4. En l’espèce, M. A, qui séjournait régulièrement en France, a demandé le renouvellement de son titre de séjour mention « vie privée et familiale ». Il peut ainsi se prévaloir d’une présomption d’urgence, sans que la préfète du Rhône, qui n’a pas produit de mémoire en défense, n’apporte aucune contestation sur ce point. Par suite, la condition d’urgence requise par les dispositions précitées de l’article L. 521-1 du code de justice administrative est remplie.
5. D’autre part, en l’état de l’instruction, le moyen visé ci-dessus tiré de la méconnaissance des articles L. 423-23 et L. 433-1 du code de l’entrée et du séjour des étrangers et du droit d’asile est de nature à faire naître un doute sérieux quant à la légalité de la décision en litige.
6. Les deux conditions posées par les dispositions de l’article L. 521-1 du code de justice administrative étant remplies, il y a lieu de prononcer la suspension de l’exécution de la décision implicite par laquelle la préfète du Rhône a refusé de faire droit à la demande de renouvellement de titre de séjour présentée par M. A.
Sur l’injonction :
7. La présente ordonnance, qui suspend la décision implicite refusant de délivrer à M. A le titre de séjour qu’il sollicitait, implique nécessairement, comme le demande le requérant, que la préfète du Rhône réexamine sa demande et édicte une décision expresse, dans un délai qu’il y a lieu de fixer à un mois. Dans les circonstances de l’espèce, il y a lieu d’assortir cette injonction d’une astreinte de 50 euros par jour de retard.
Sur les frais d’instance :
8. Il y a lieu, dans les circonstances de l’espèce, de mettre à la charge de l’Etat la somme de 700 euros à verser à M. A au titre des frais non compris dans les dépens qu’il a exposés.
ORDONNE :
Article 1er : L’exécution de la décision implicite par laquelle la préfète du Rhône a rejeté la demande de renouvellement de titre de séjour présentée le 21 mai 2024 par M. A est suspendue jusqu’à ce qu’il soit statué au fond sur la légalité de cette décision.

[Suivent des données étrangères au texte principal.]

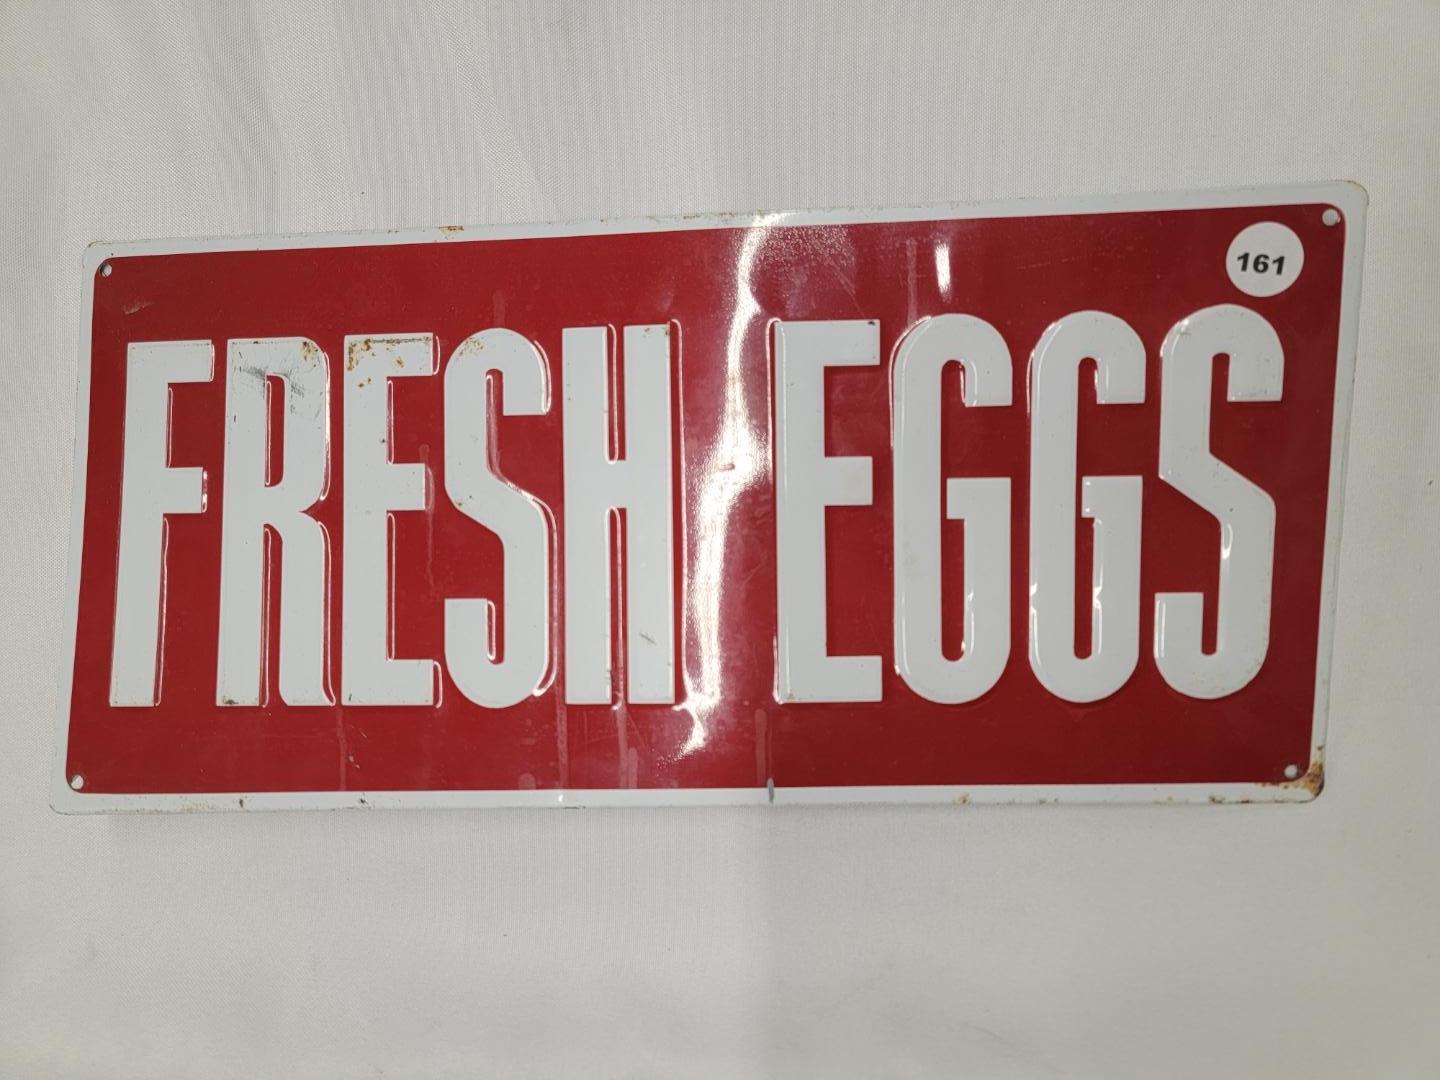 6 1/2  x 14 in. Fresh Eggs Metal Sign
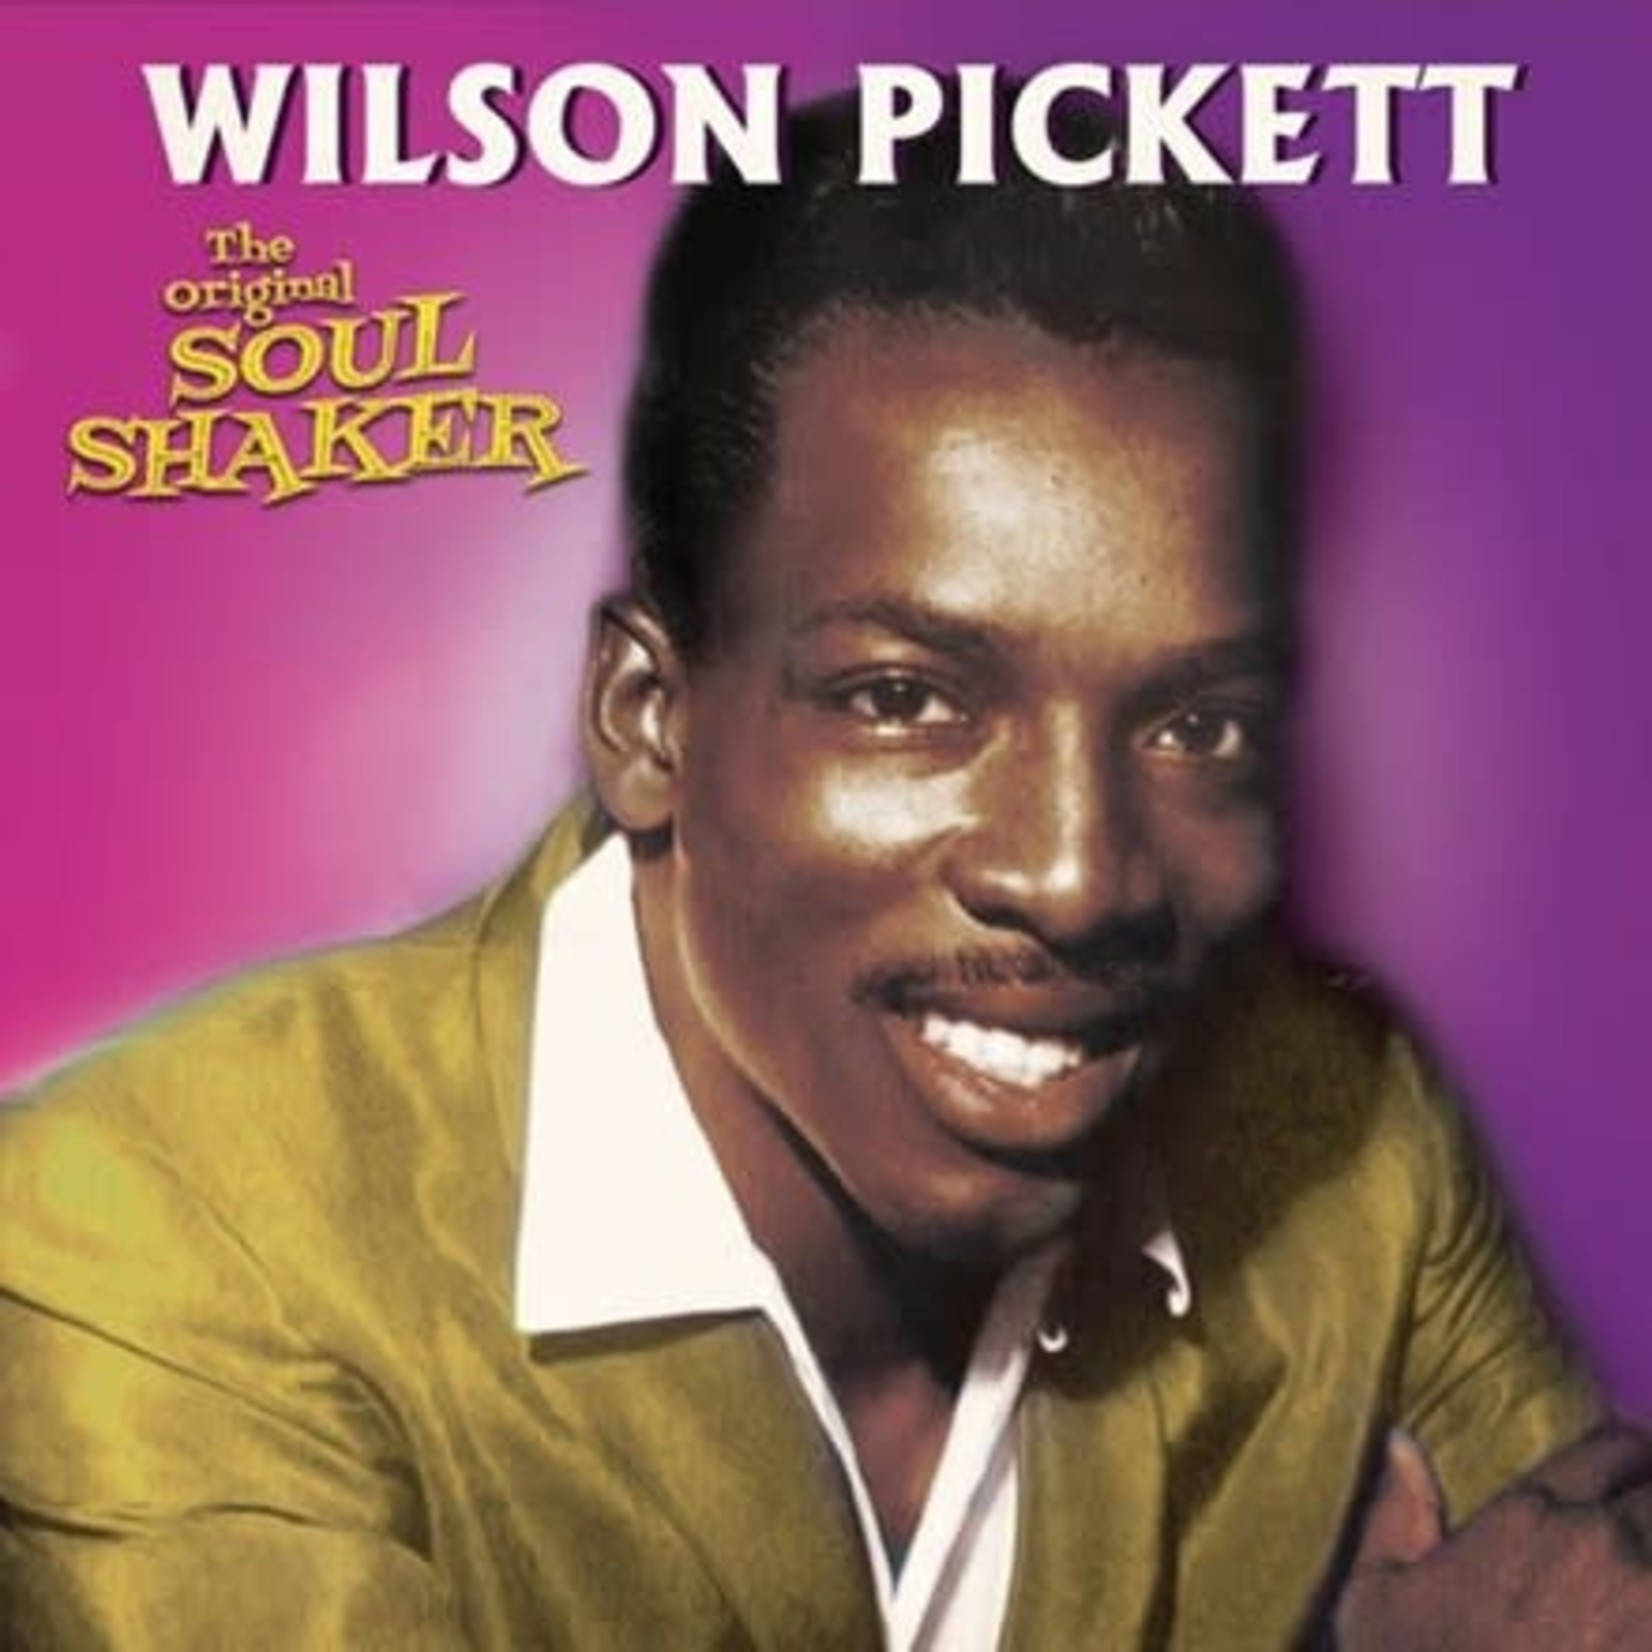 American Singer Wilson Pickett The Original Soul Shaker Wallpaper

Article 2 : Il est enjoint à la préfète du Rhône de procéder au réexamen de la situation de M. A en prenant une décision explicite dans un délai d’un mois à compter de la notification de la présente ordonnance, et ce sous astreinte de 50 euros par jour de retard.
Article 3 : La préfète du Rhône communiquera au tribunal copie des actes justifiant des mesures prises pour exécuter cette ordonnance.
Article 4 : L’Etat versera à M. A la somme de 700 euros au titre de l’article L. 761-1 du code de justice administrative.
Article 5 : La présente ordonnance sera notifiée à M. B A, au ministre de l’intérieur et à la préfète du Rhône.
Fait à Lyon, le 25 avril 2025.
Le juge des référés,
T. Besse
La greffière,
F. Gaillard La République mande et ordonne au ministre de l’intérieur en ce qui le concerne ou à tous commissaires de justice à ce requis en ce qui concerne les voies de droit commun contre les parties privées, de pourvoir à l’exécution de la présente décision.